Host-side bridge that exposes MJ services (metadata, views, queries, entity CRUD, action invocation, agent run, AI prompt execution) to sandboxed Runtime-action code via `utilities.*`. Ships a default implementation of `RuntimeActionBridgeBuilder` that `@

Readme

@memberjunction/action-runtime-host

Host-side bridge that exposes MJ services (metadata, views, queries, entity CRUD, action invocation, agent run, AI prompt execution) to sandboxed Runtime-action code via the utilities.* namespace.

Ships the default concrete implementation of RuntimeActionBridgeBuilder from @memberjunction/actions-base. @memberjunction/actions resolves it at runtime through MJGlobal.ClassFactory.CreateInstance(...).
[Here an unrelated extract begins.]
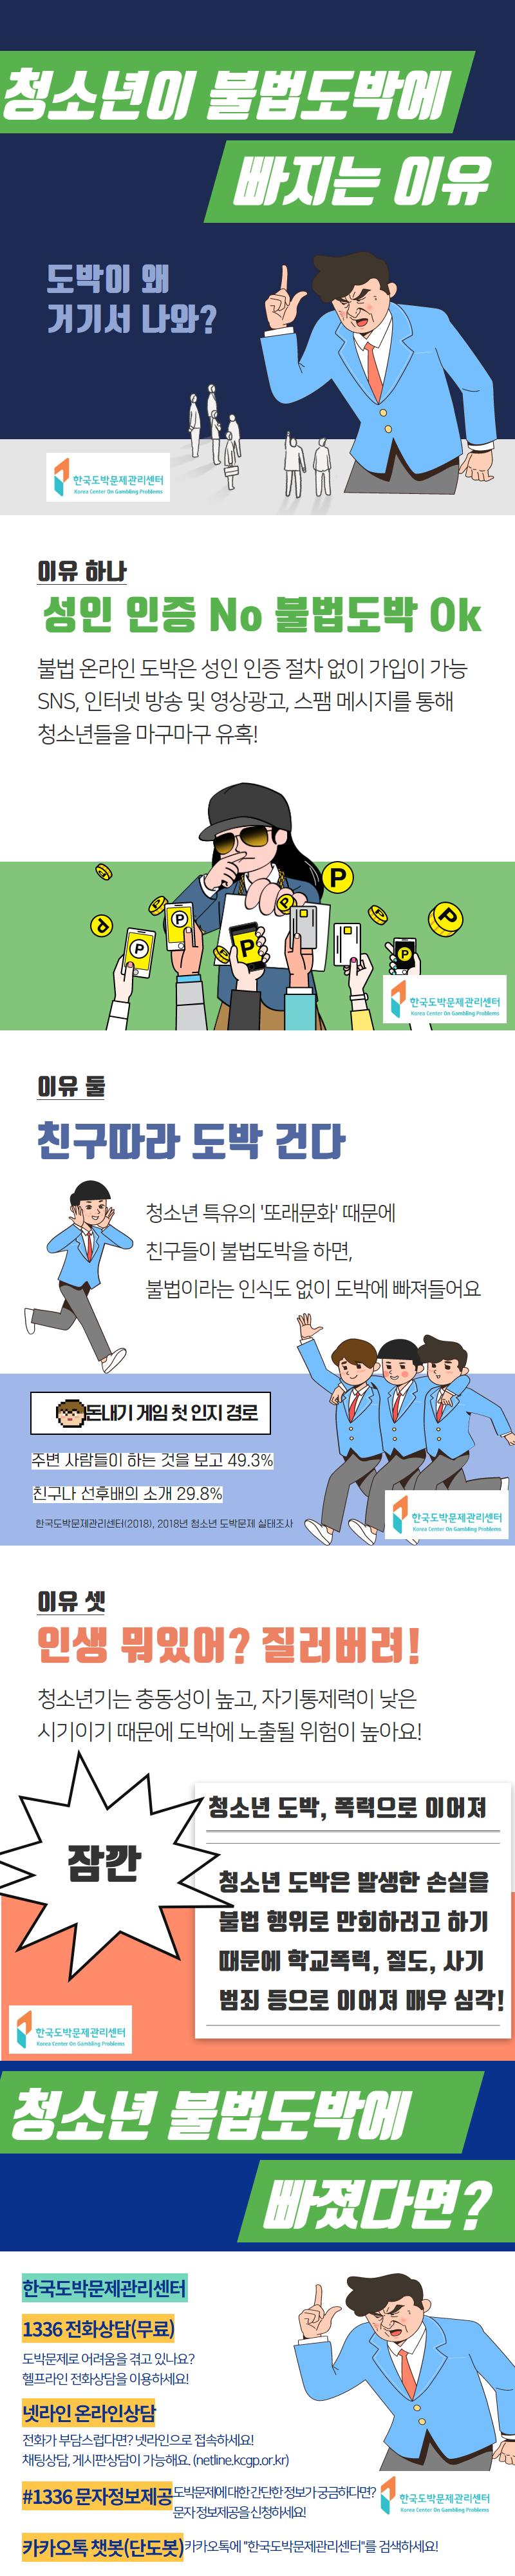 청소년이 불법도박에 빠지는 이유_카드뉴스_합본.png

Why this package exists (the cycle)

Building the bridge handler map requires touching:

  • ActionEngineServer (from @memberjunction/actions) — for utilities.actions.Invoke
  • AgentRunner (from @memberjunction/ai-agents) — for utilities.agents.Run
  • AIEngine (from @memberjunction/aiengine) — for agent / prompt metadata
  • AIPromptRunner (from @memberjunction/ai-prompts) — for utilities.ai.ExecutePrompt

Those last three packages already depend on @memberjunction/actions. Putting the bridge source inside @memberjunction/actions (where it used to live) created a cycle that could only be hidden with await import(...) calls and as never casts — fragile, untyped, and easy to break silently.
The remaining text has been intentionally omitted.